Banning TikTok Sets the Wrong Precedent


H.R. 7521 is agnostic as to how TikTok’s parent, ByteDance, divests as long as they abstain from selling to an American adversary. We flesh out our position on this matter more fully in our Key Vote NO here.

FreedomWorks will count the vote on the Protecting Americans from Foreign Adversary Controlled Applications Act, H.R. 7521, when calculating our Scorecard for 2024 and reserves the right to score and weigh any related votes. The scorecard is used to determine eligibility for the FreedomFighter Award, which recognizes Members of the House and Senate who consistently vote to support economic freedom and individual liberty.


Washington, D.C. – H.R. 7521, referred to as the TikTok ban bill, unanimously passed out of the House Energy and Commerce Committee 50-0. It likely heads to a full vote on the House floor this week. Adam Brandon, FreedomWorks president, commented:

“Social media represents a serious challenge in our society.
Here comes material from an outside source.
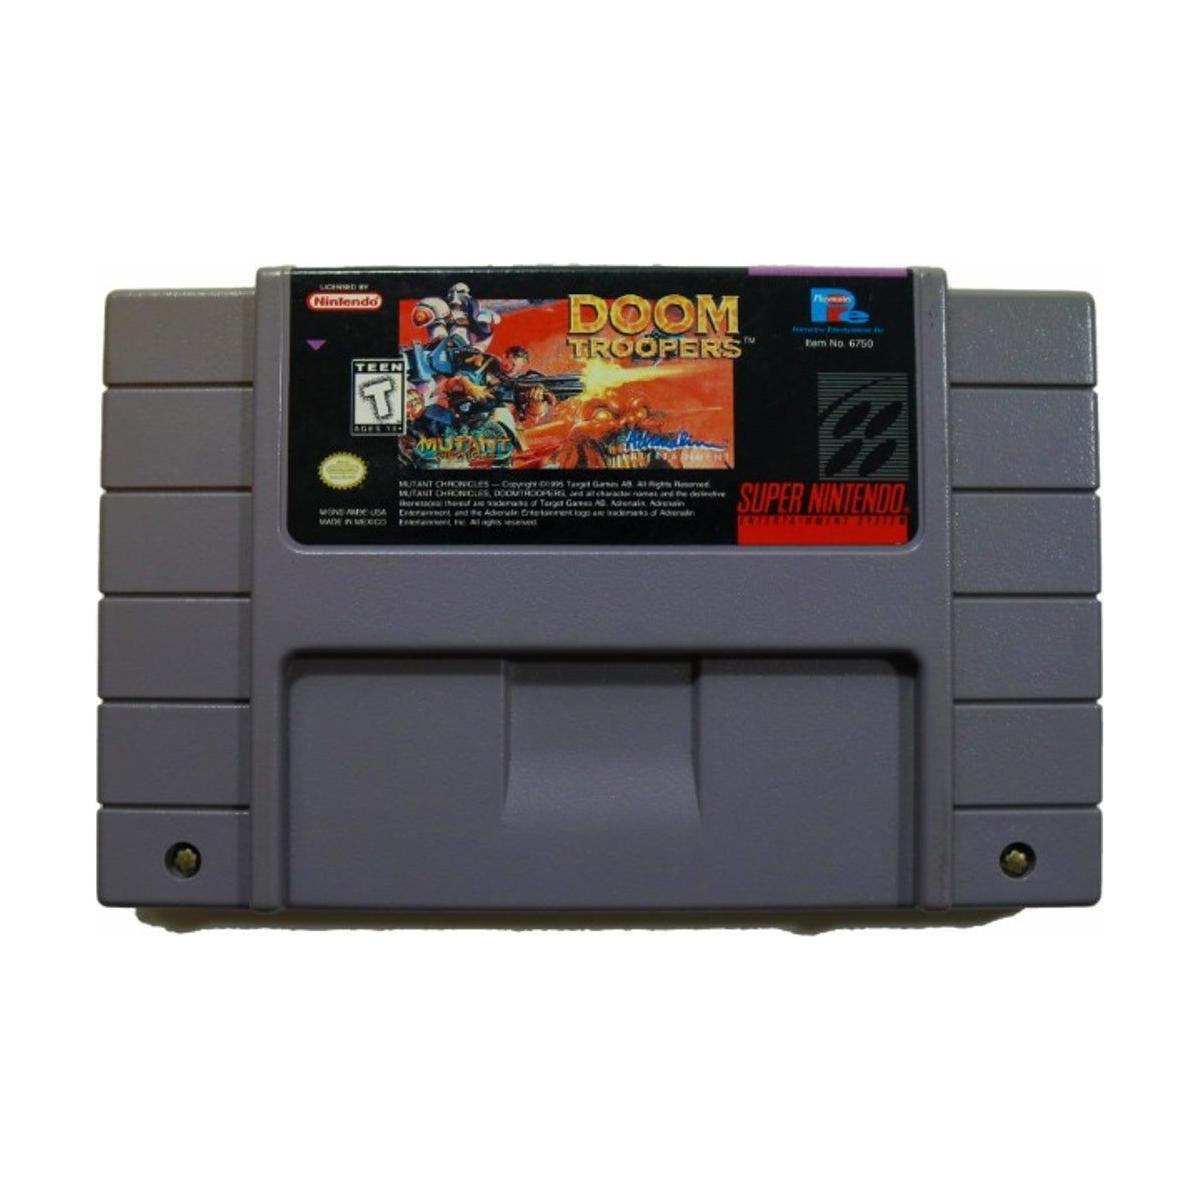 SNES - Doom Troopers Mutant Chronicles (Cartridge Only)

The hyperpartisanship that has infected Congress feeds on ‘likes,’ ‘shares,’ and ‘retweets’ and grows like a cancer keeping us from solving the bigger problems. It’s also clear that some Americans have become addicted to the hits of dopamine that come with the instant gratification of social media. We’re frustrated by the state of political discourse in the United States, but we’re also fortunate to live in a free society where we can express our views. There’s always going to be excess with freedom. We believe parents should police their kids’ online activity, including their exposure to social media, not Congress or regulators.”

“We’re also aware of concerns about Chinese influence in the United States. We’re in a very volatile geopolitical environment right now, and Congress must be cautious about what steps are taken to mitigate that influence. Policy responses like the Prohibition of Foreign Adversary Controlled Applications Act are exactly the wrong way to address Chinese influence.”
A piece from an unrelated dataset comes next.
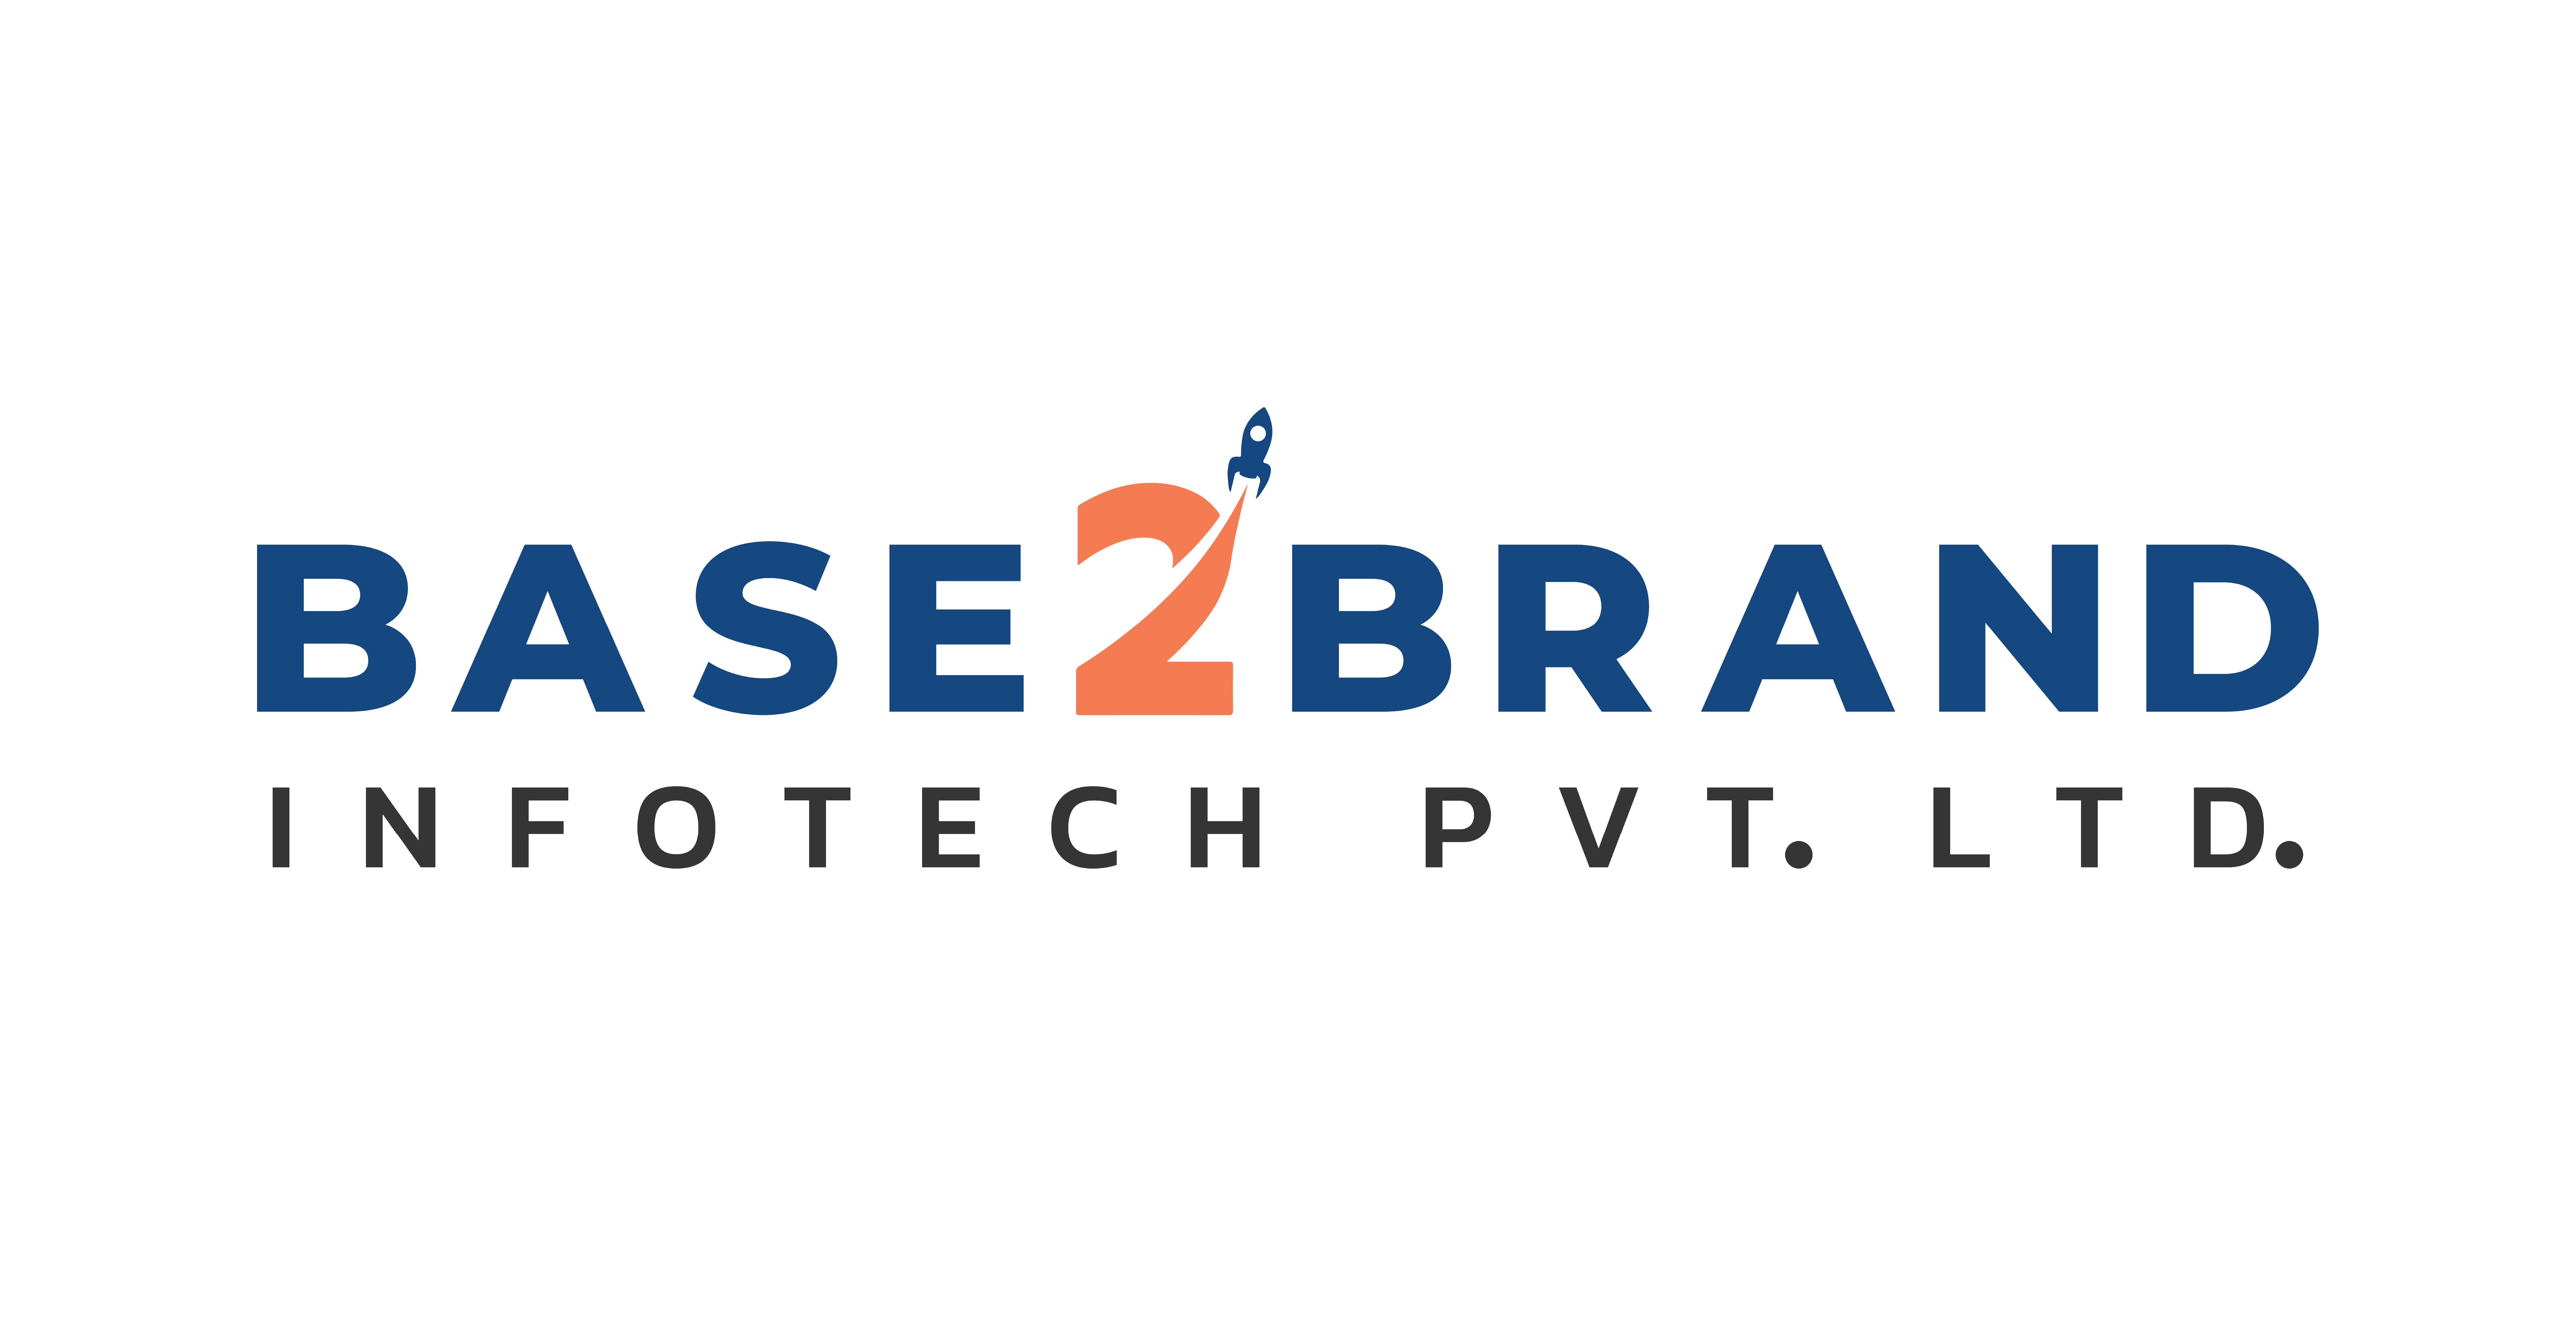 https://salesprofessionals.co.in/company/base2brand-infotech-pvt-ltd-1633950047

“Requiring American ownership of any company or application, like TikTok, sets a dangerous precedent. We need and want foreign investment in the United States. Look at US Steel. This is a company that had been in decline. It was recently purchased by a Japanese company, Nippon Steel. Had US Steel failed, it would have reduced domestic competition in the United States. Do we need reasonable safeguards for TikTok? We’re open to safeguards, but we’re not open to any mandate of American ownership of any company. This seems to be driven by emotion and reactionary politics.”